-- INFORMATION PROVIDED follows --

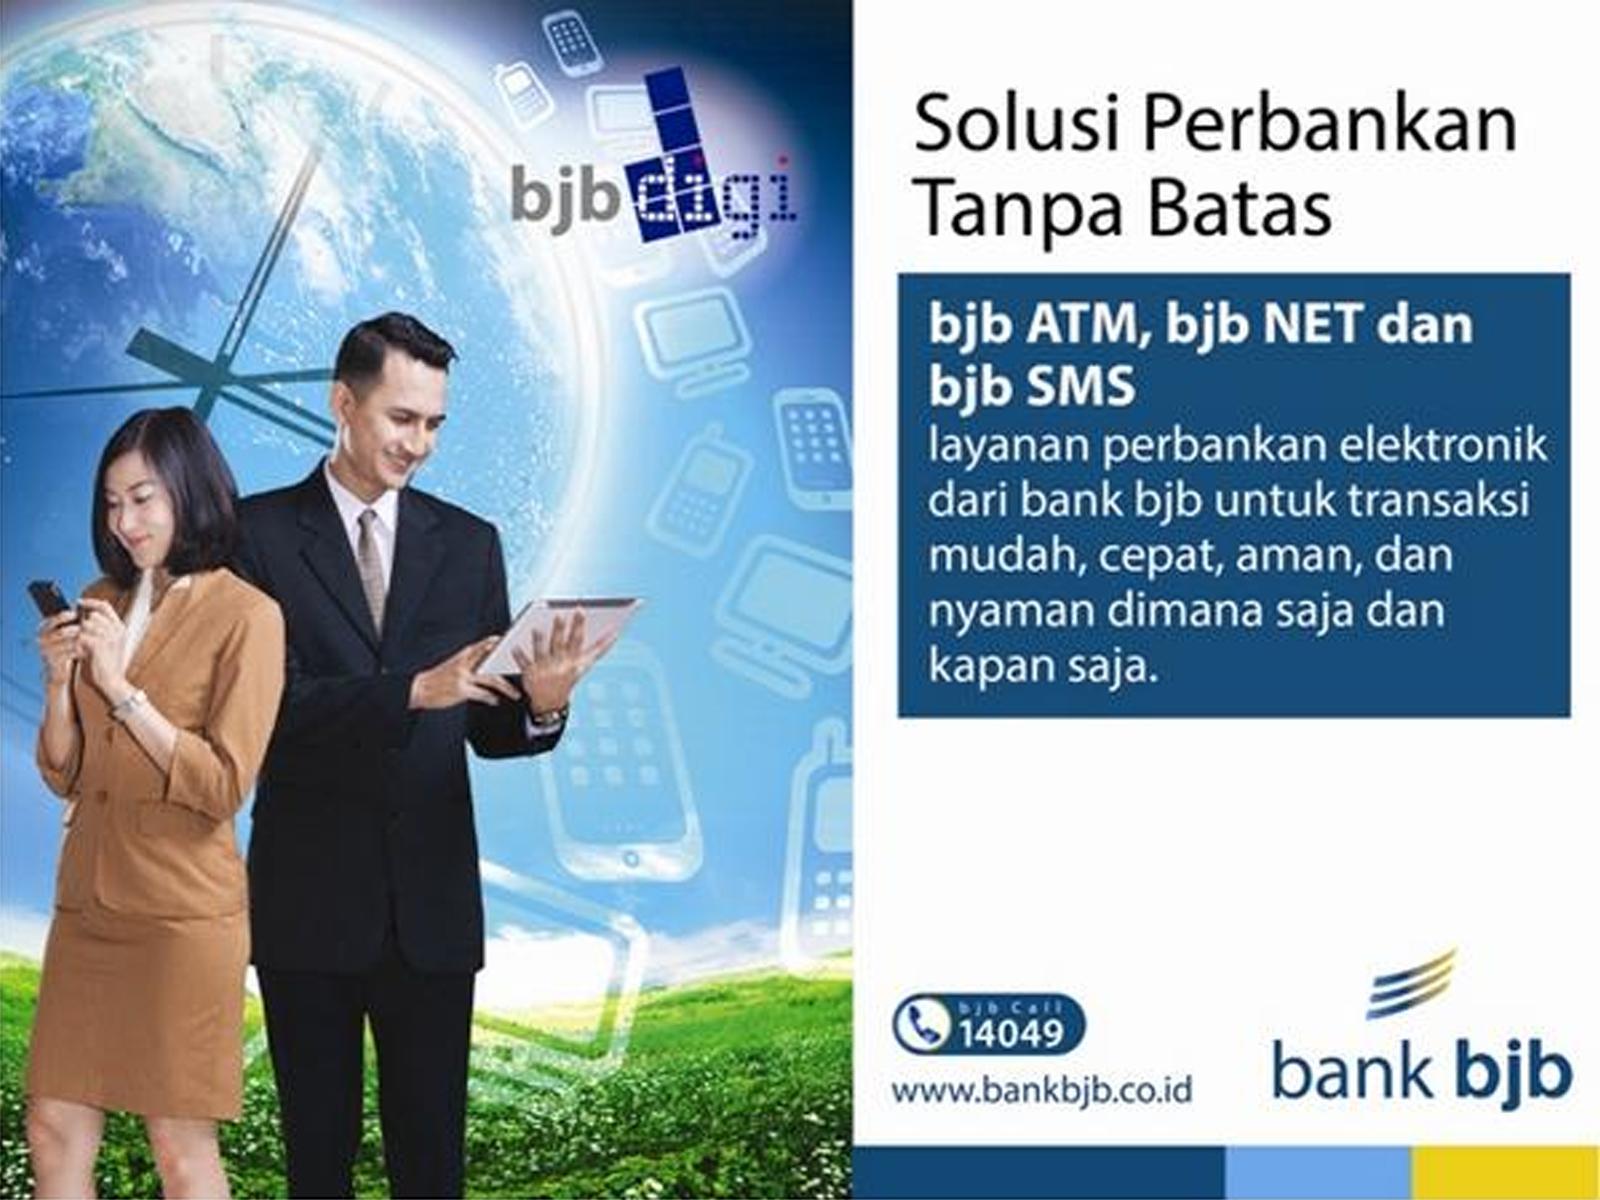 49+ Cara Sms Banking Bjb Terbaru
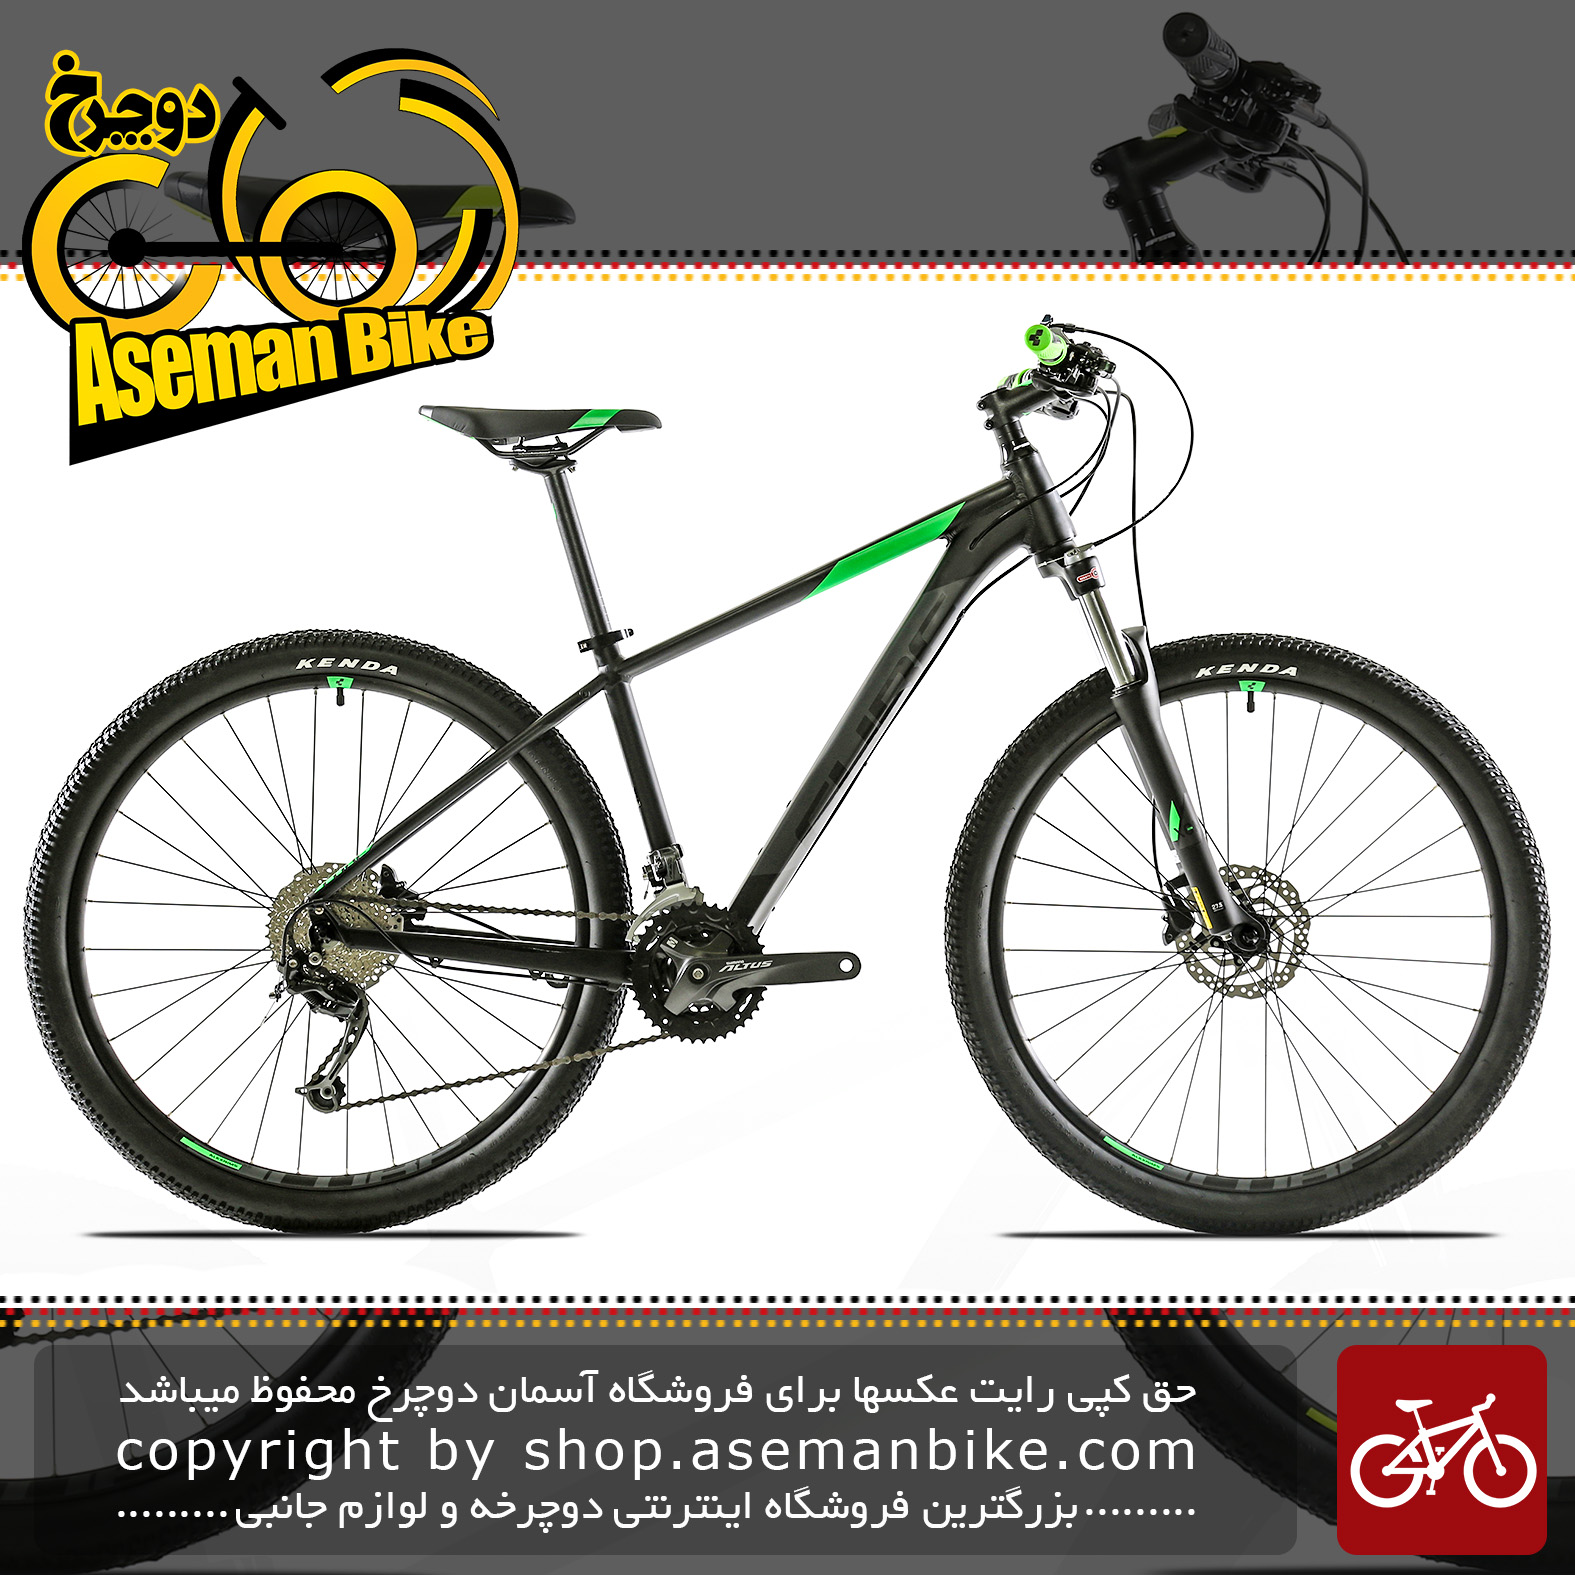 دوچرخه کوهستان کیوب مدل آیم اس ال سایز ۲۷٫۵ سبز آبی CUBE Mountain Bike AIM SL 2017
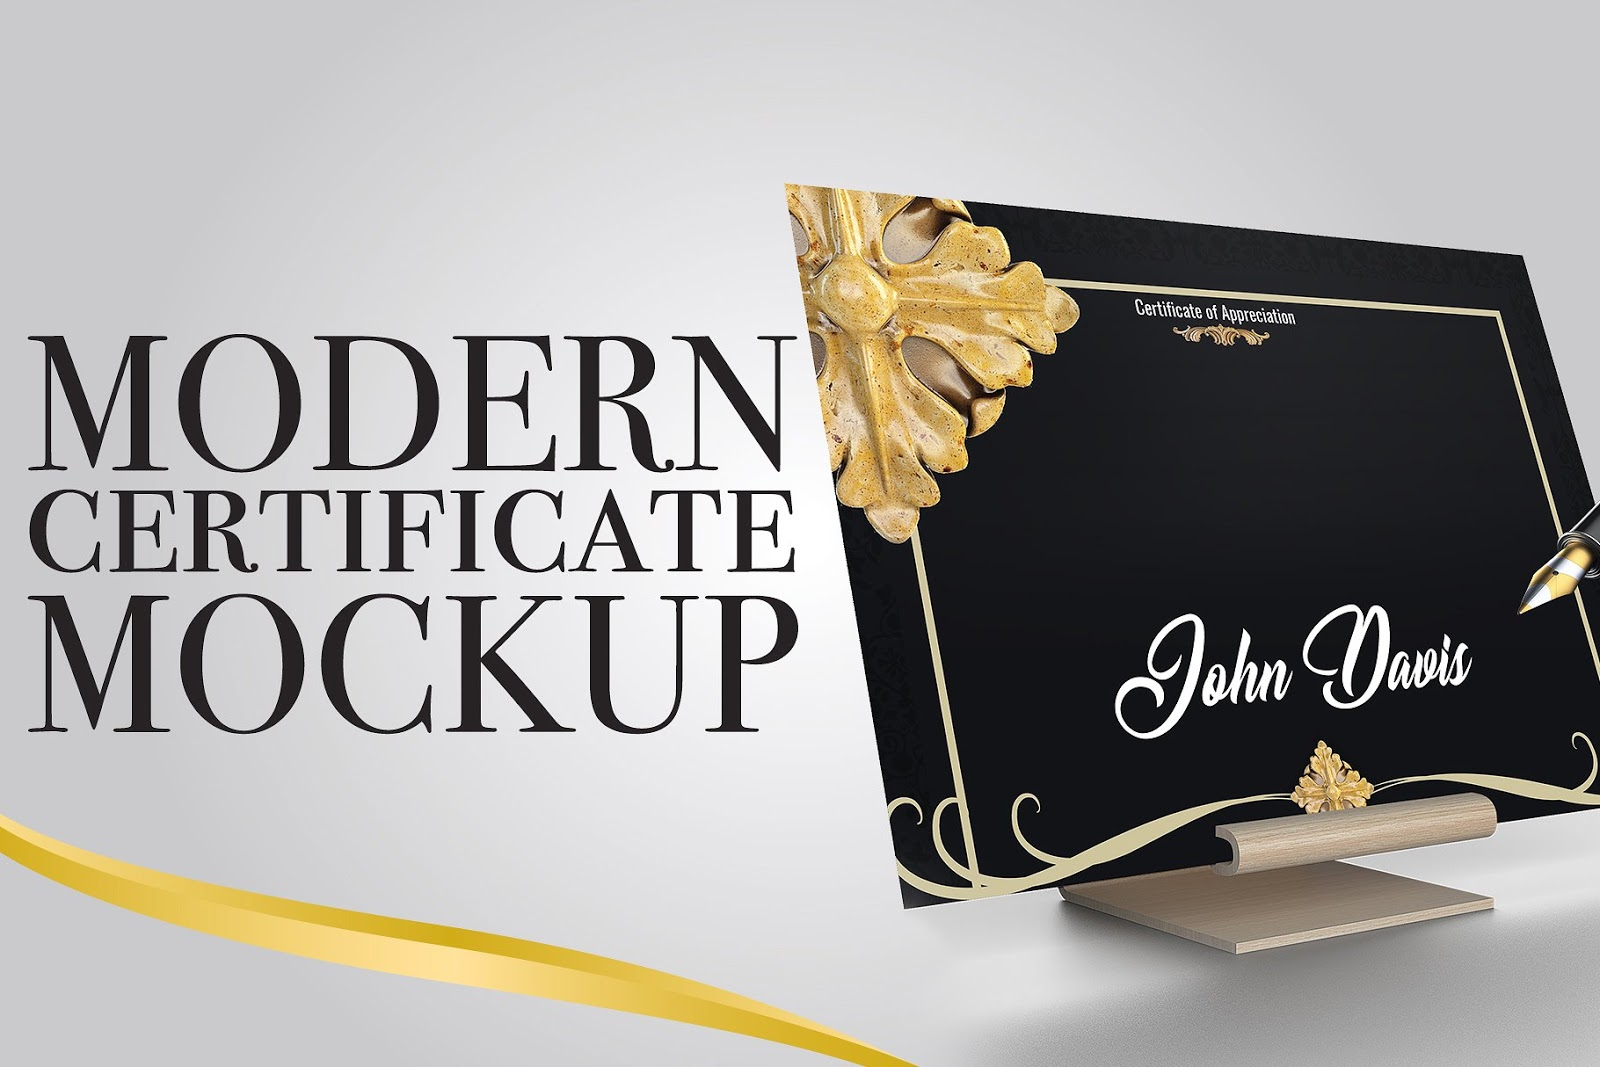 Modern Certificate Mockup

-- INFORMATION PROVIDED concluded --

**EXERCISE REQUIREMENTS**:
Repeat the material above in full and exactly, omitting the pictures.

**EXERCISE RESPONSE**:
 49+ Cara Sms Banking Bjb Terbaru
 دوچرخه کوهستان کیوب مدل آیم اس ال سایز ۲۷٫۵ سبز آبی CUBE Mountain Bike AIM SL 2017
 Modern Certificate Mockup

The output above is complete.